In-Band Transfer of Power-Consumption Allocations

This application is a continuation of U.S. patent application Ser. No. 18/413,089, filed Jan. 16, 2024, whose disclosure is incorporated herein by reference.

The present invention relates generally to power management in computing systems, and particularly to methods and systems for transferring power-consumption allocations between processing devices.

A typical computing system, such as a Data Center (DC) or a High-Performance Computing (HPC) cluster, comprises a large number of processing devices that communicate with one another over a data network. Processing devices may comprise, for example, servers, Graphics Processing Units (GPUs), network switches, etc.

The processing loads, and therefore the power consumptions, of the various processing devices often fluctuate considerably as a function of time. Allocating each processing device a fixed power allocation based on its maximal possible power consumption is highly sub-optimal, since power-consumption peaks of different processing devices rarely coincide.

An embodiment of the present invention that is described herein provides a power allocation method, including allocating power-consumption allocations to multiple processing devices. Available power allocations, which are offered for transfer to other processing devices, are reported by one or more over-allocated processing devices among the processing devices. Power demands, which are required by one or more under-allocated processing devices among the processing devices, are reported by the under-allocated processing devices. At least some of the available power allocations are transferred from one or more of the over-allocated processing devices to one or more of the under-allocated processing devices.

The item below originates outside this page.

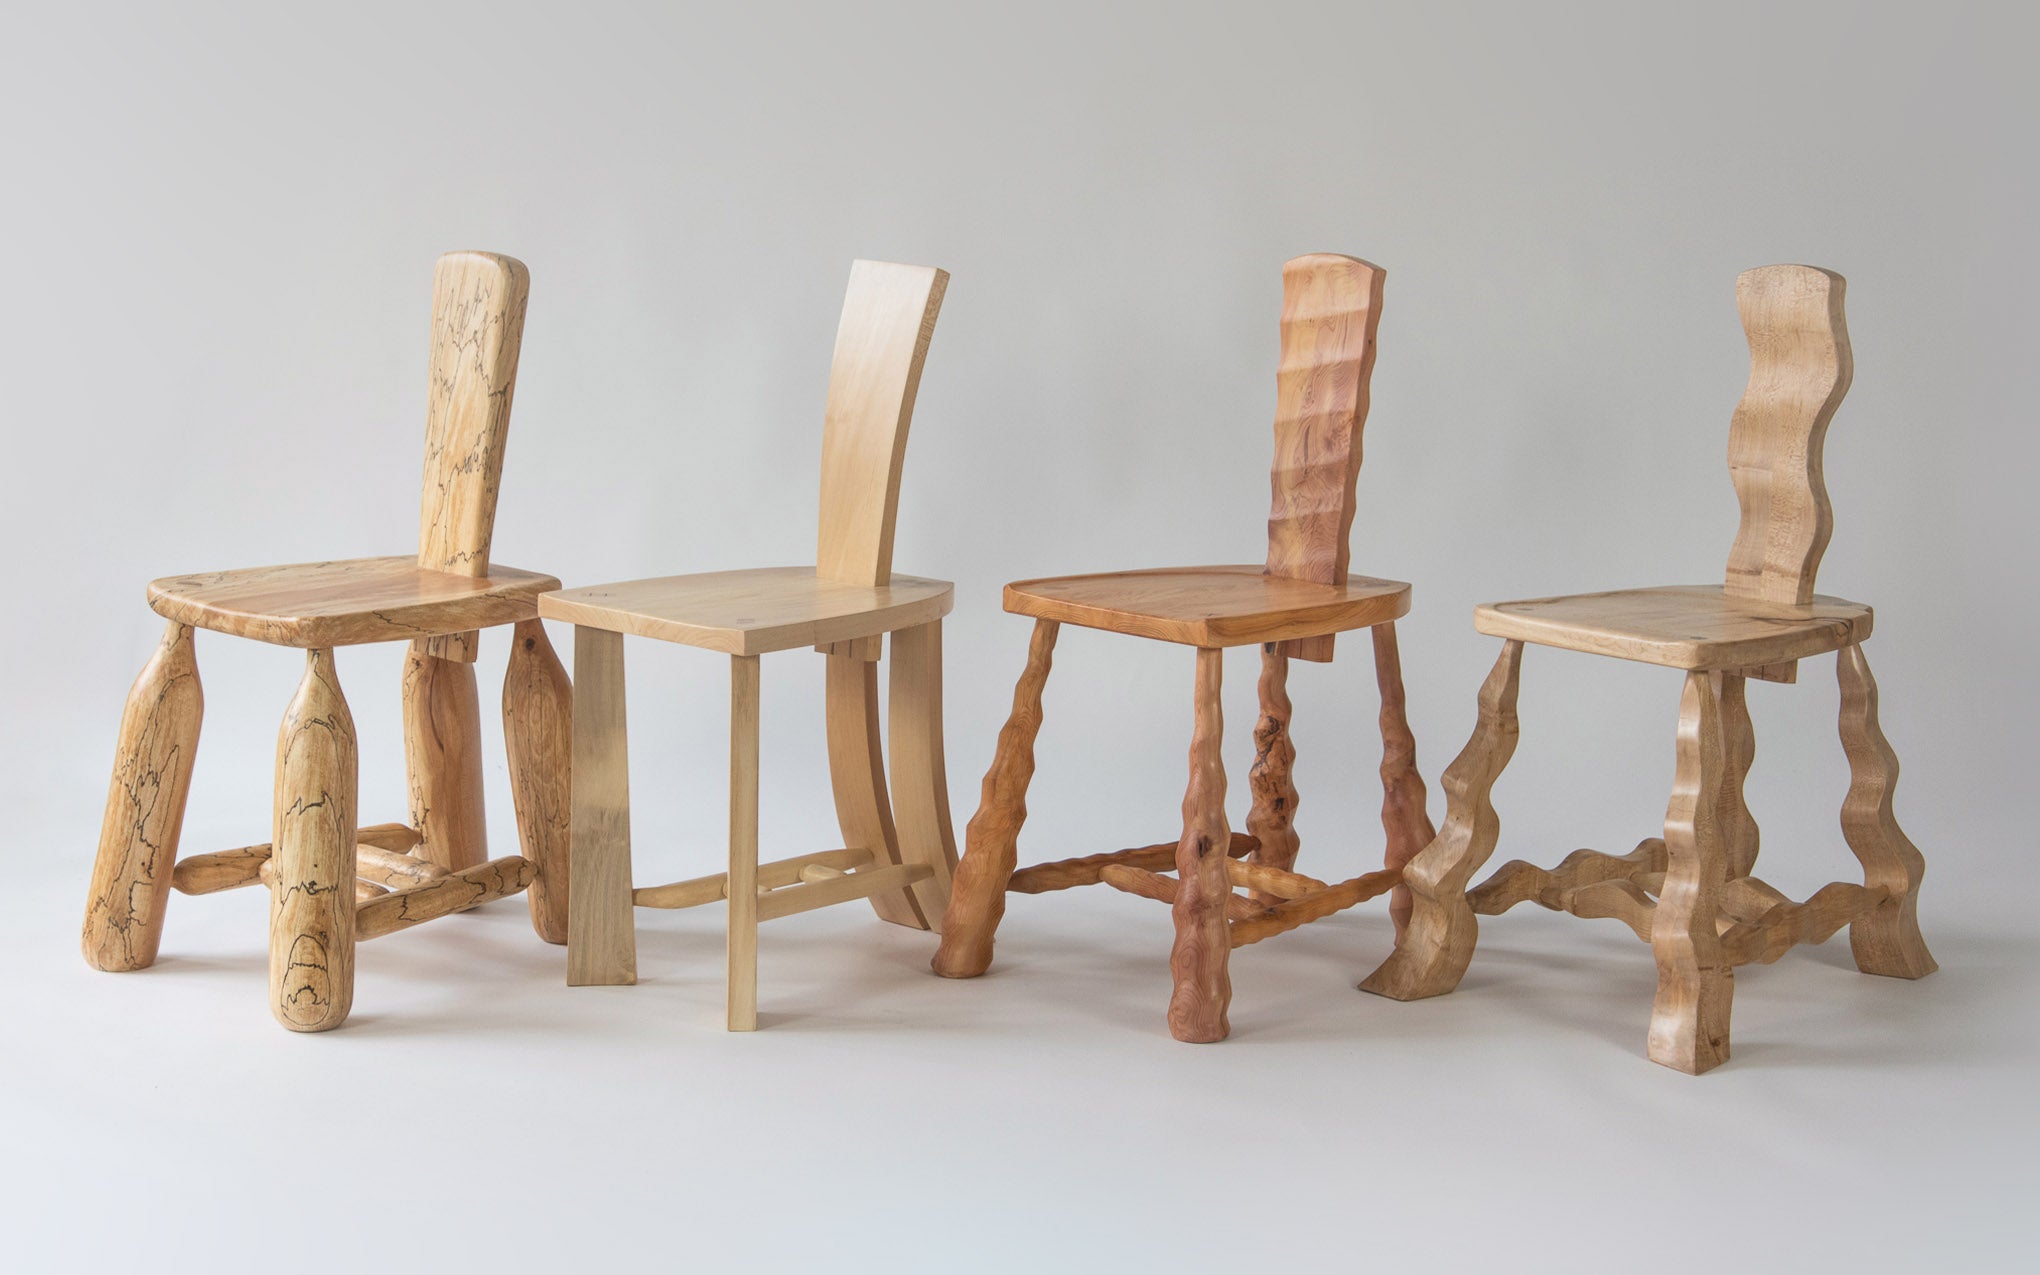 Of Nature - Whipped chair by Wilkinson & Rivera | SCP

In some embodiments, reporting the available power allocations, reporting the power demands, and transferring the available power allocations, are performed periodically in preparation for subsequent processing intervals. In a disclosed embodiment, the method further includes returning a power allocation, which was transferred from a first processing device to a second processing device, back to the first processing device after a defined time period.

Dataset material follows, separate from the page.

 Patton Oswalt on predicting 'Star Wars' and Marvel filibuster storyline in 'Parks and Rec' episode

In some embodiments, reporting the available power allocations, reporting the power demands, and transferring the available power allocations, are performed by communicating using an in-band communication protocol among the processing devices. In an example embodiment, the processing devices are to communicate with one another using an InfiniBand (IB) protocol, and communicating using the in-band communication protocol includes exchanging Management Datagrams (MADs) among the processing devices.

In an embodiment, reporting the available power allocations and the power demands includes advertising the available power allocations and the power demands among the processing devices, and transferring the available power allocations includes applying a distributed power redistribution scheme by the processing devices. In an alternative embodiment, reporting the available power allocations and the power demands includes sending the available power allocations and the power demands to a central controller, and transferring the available power allocations includes instructing at least one of the over-allocated processing devices, by the central controller, to transfer at least part of a respective available power allocation to at least one of the under-allocated processing devices.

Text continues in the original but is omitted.